DRM is the barbed wire of the media world. Nobody likes it except manufacturers, publishers, producers, and copyright holders … a group which includes, er, me. I’ve been stubborn and lucky enough to have had a clutch of novels published around the world—and, inevitably, pirated. As a “content producer,” I’m generally expected (especially by my publishers) to be a staunch supporter of DRM, and piracy’s sworn enemy.

It’s easy to see why. Most of the arguments that echo around the Net in favor of unlimited copying range from “intellectually lazy” to “wilfully deluded.” Yes, musicians make up for much of their piracy losses with performance income, but no, the same is not possible for all other pursuits. Yes, Cory Doctorow does very well, but he’s an extreme outlier who markets himself on one of the world’s most popular blogs and has $10,000 lunches with Mark Shuttleworth. No, “real artists” will not keep at it regardless of whether they’re paid; passion is only loosely correlated with talent, and those who make a full-time living from their work do more and better than they would as hobbyists.
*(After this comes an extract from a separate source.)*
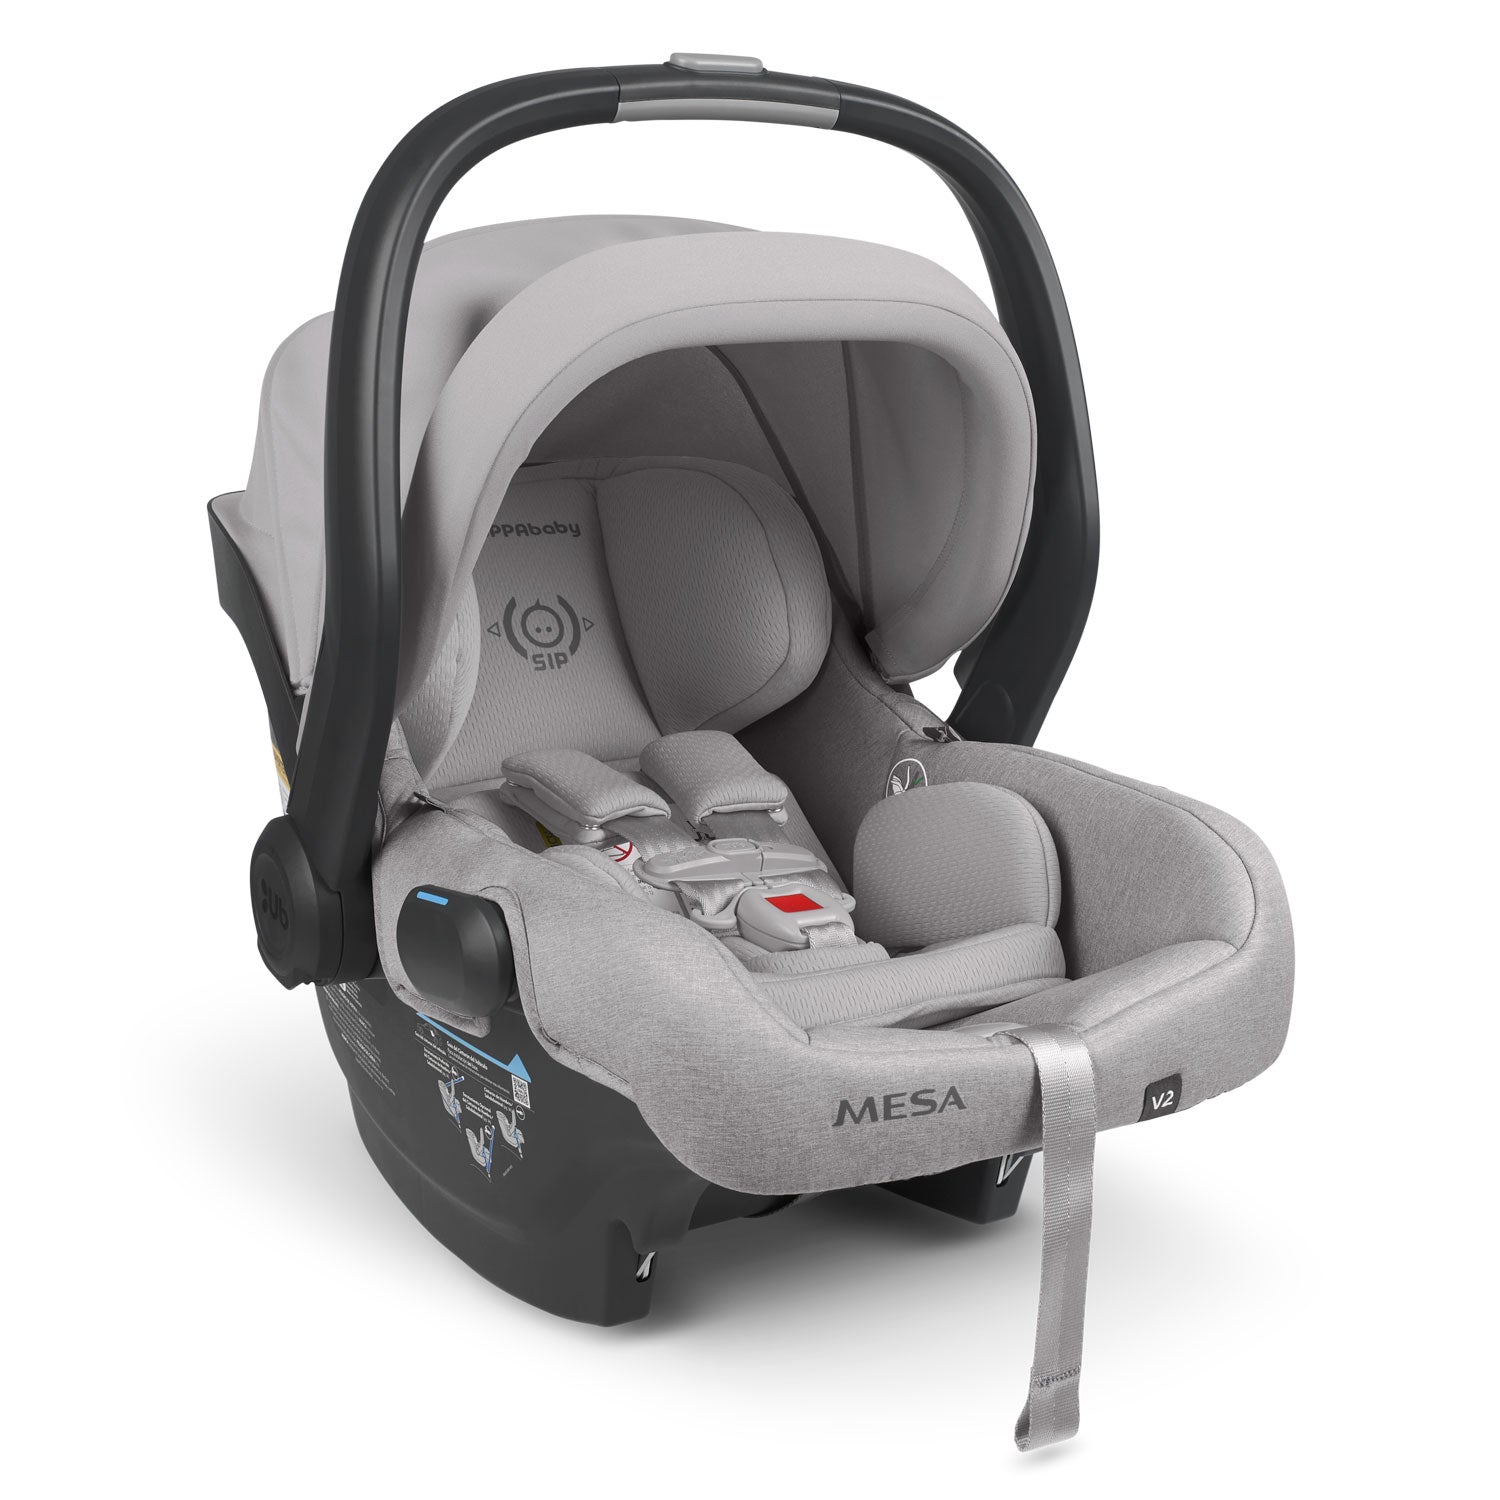 UPPAbaby MESA V2 Infant Car Seat | The Baby Cubby

Yes, obscurity is any creator’s primary enemy, but that doesn’t make piracy a friend. No, The Pirate Bay is not just like a library or secondhand shop. Yes, all of these arguments sound like “I want the fruits of your years of hard work, but I don’t want to reward you in any meaningful way!” wrapped in an extremely thin rationalization.

Although it pains me to say this, it’s the pirates who are on the right side of history. Empires built on barbed wire inevitably collapse, and the sooner the better; while this one reigns, it perpetuates yesterday’s regimes, and squelches innovation and progress. Is piracy wrong? Yes, but that’s the wrong question. The right question is, which is worse: widespread piracy, or the endless and futile attempt to preserve DRM everywhere? So long live the pirates. Those jerks. Please don’t make me say it again.

Ironically, it’s Apple who gives me hope. Yes, Apple, who—unlike Amazon—refuse to sell DRM-free ebooks. But I take heart in knowing that people have bought billions of songs from iTunes (a clumsy, irritating tool which offers by far the worst user experience of Apple’s entire product suite) even though they could easily have downloaded them for free. Most people don’t want to steal. If we content producers make our goods cheap enough, and the process easy enough, they’ll be willing to buy them. I hope. So I’ve released two of my books under Creative Commons licenses, and I’m trying to talk the major publisher who’s agreed to re-e-publish a third to do so without any DRM. So far they’re reluctant: but it’s a leap of faith that all of today’s defenders of DRM will ultimately have to make.